INPUT RECORDS:
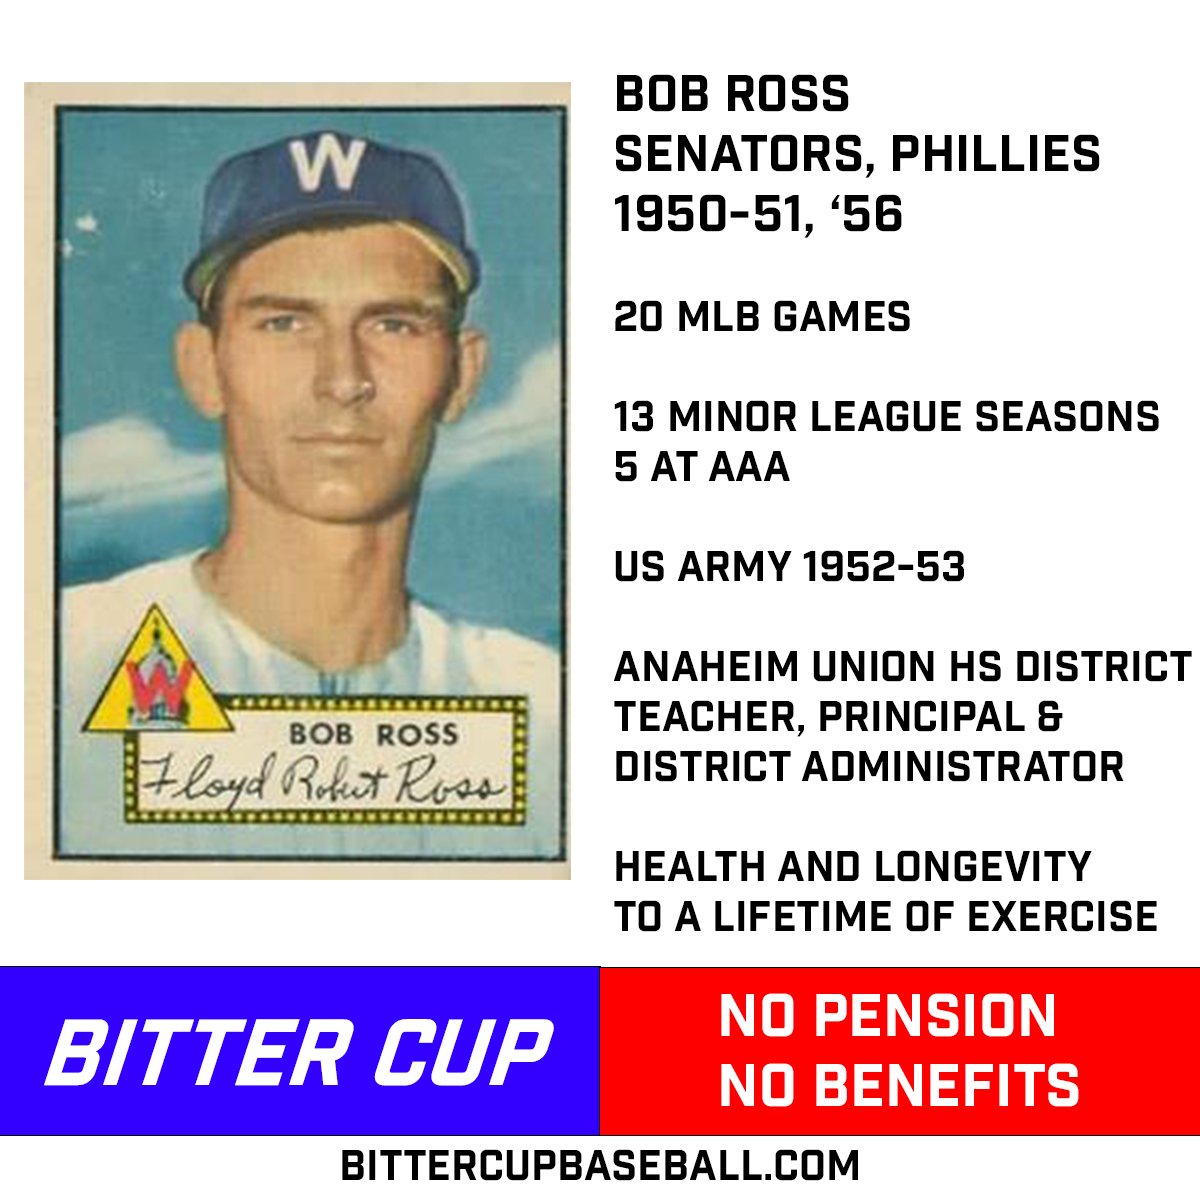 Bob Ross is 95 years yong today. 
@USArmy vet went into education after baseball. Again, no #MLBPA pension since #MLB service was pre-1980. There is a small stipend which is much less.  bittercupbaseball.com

* * *

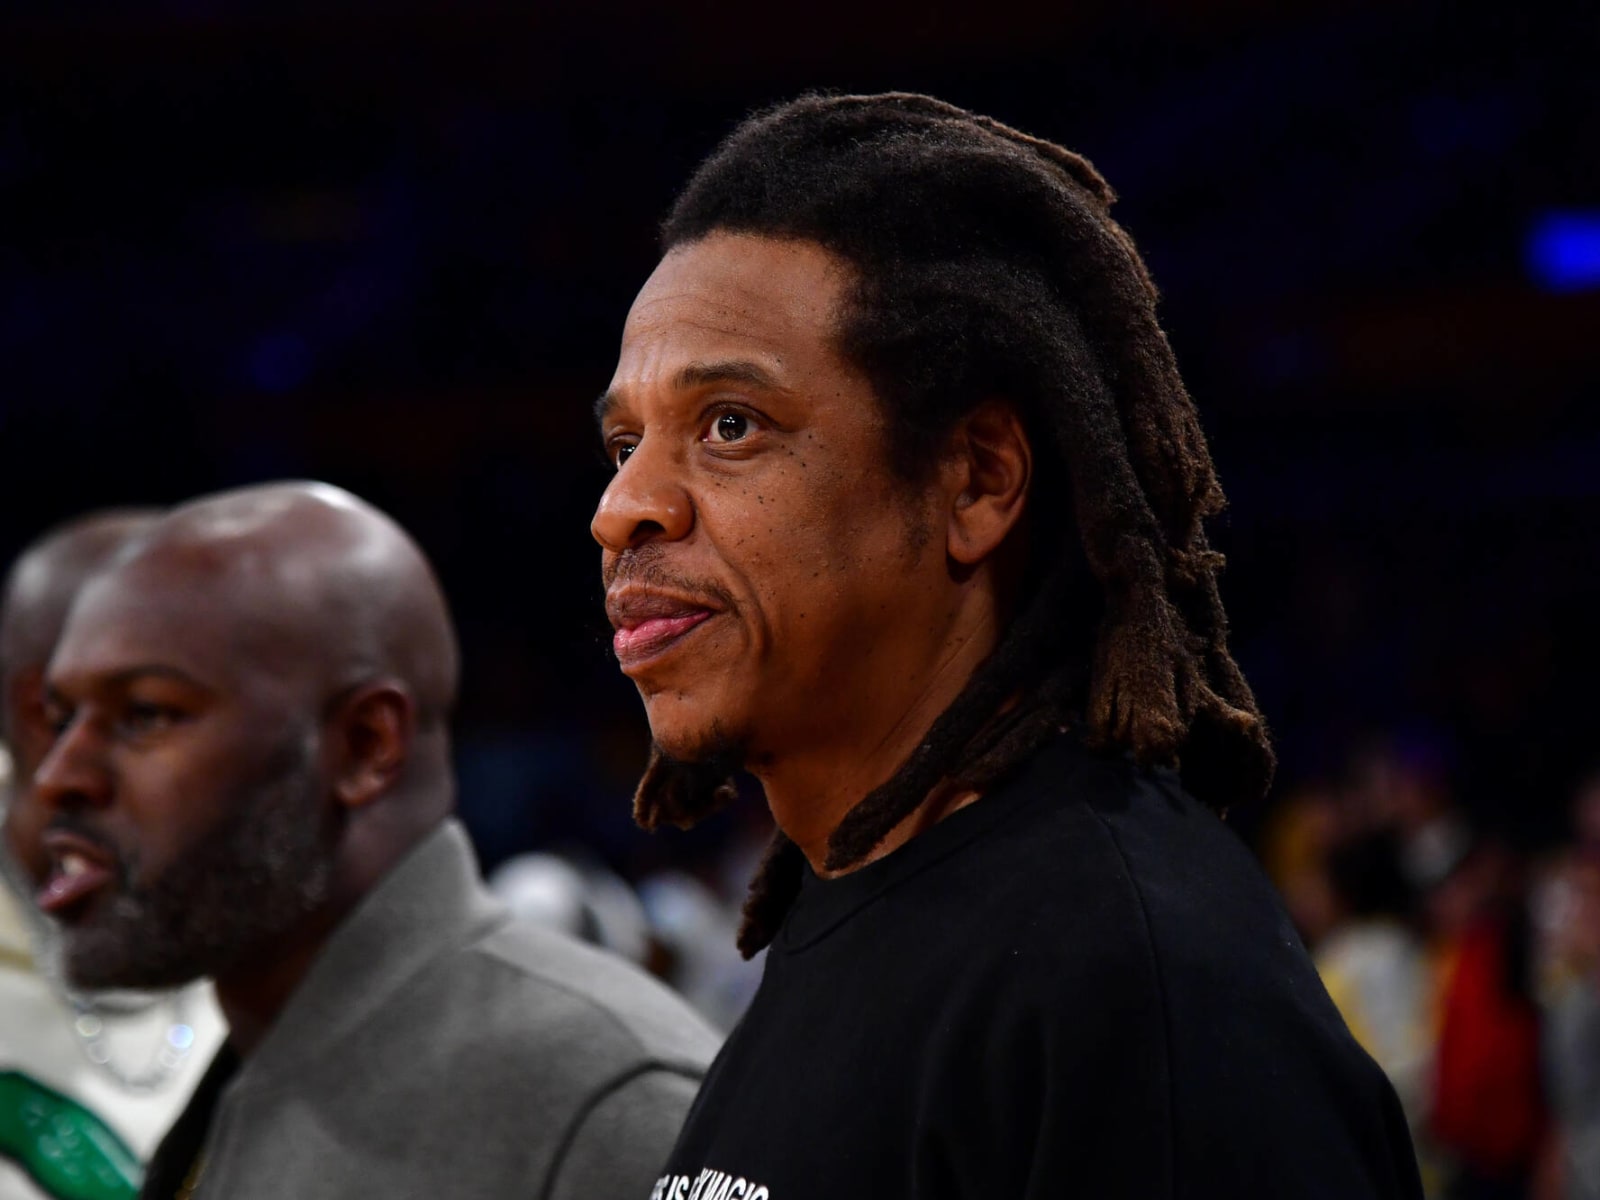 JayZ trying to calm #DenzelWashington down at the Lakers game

TRY IT: Taking the entries above, extract every line from the one bearing "Bob Ross is 95 years yong today." through the one bearing "vet went into", exactly, with no pictures.

WRITTEN RESPONSE:
 Bob Ross is 95 years yong today. 
@USArmy vet went into education after baseball. Again, no #MLBPA pension since #MLB service was pre-1980. There is a small stipend which is much less.  bittercupbaseball.com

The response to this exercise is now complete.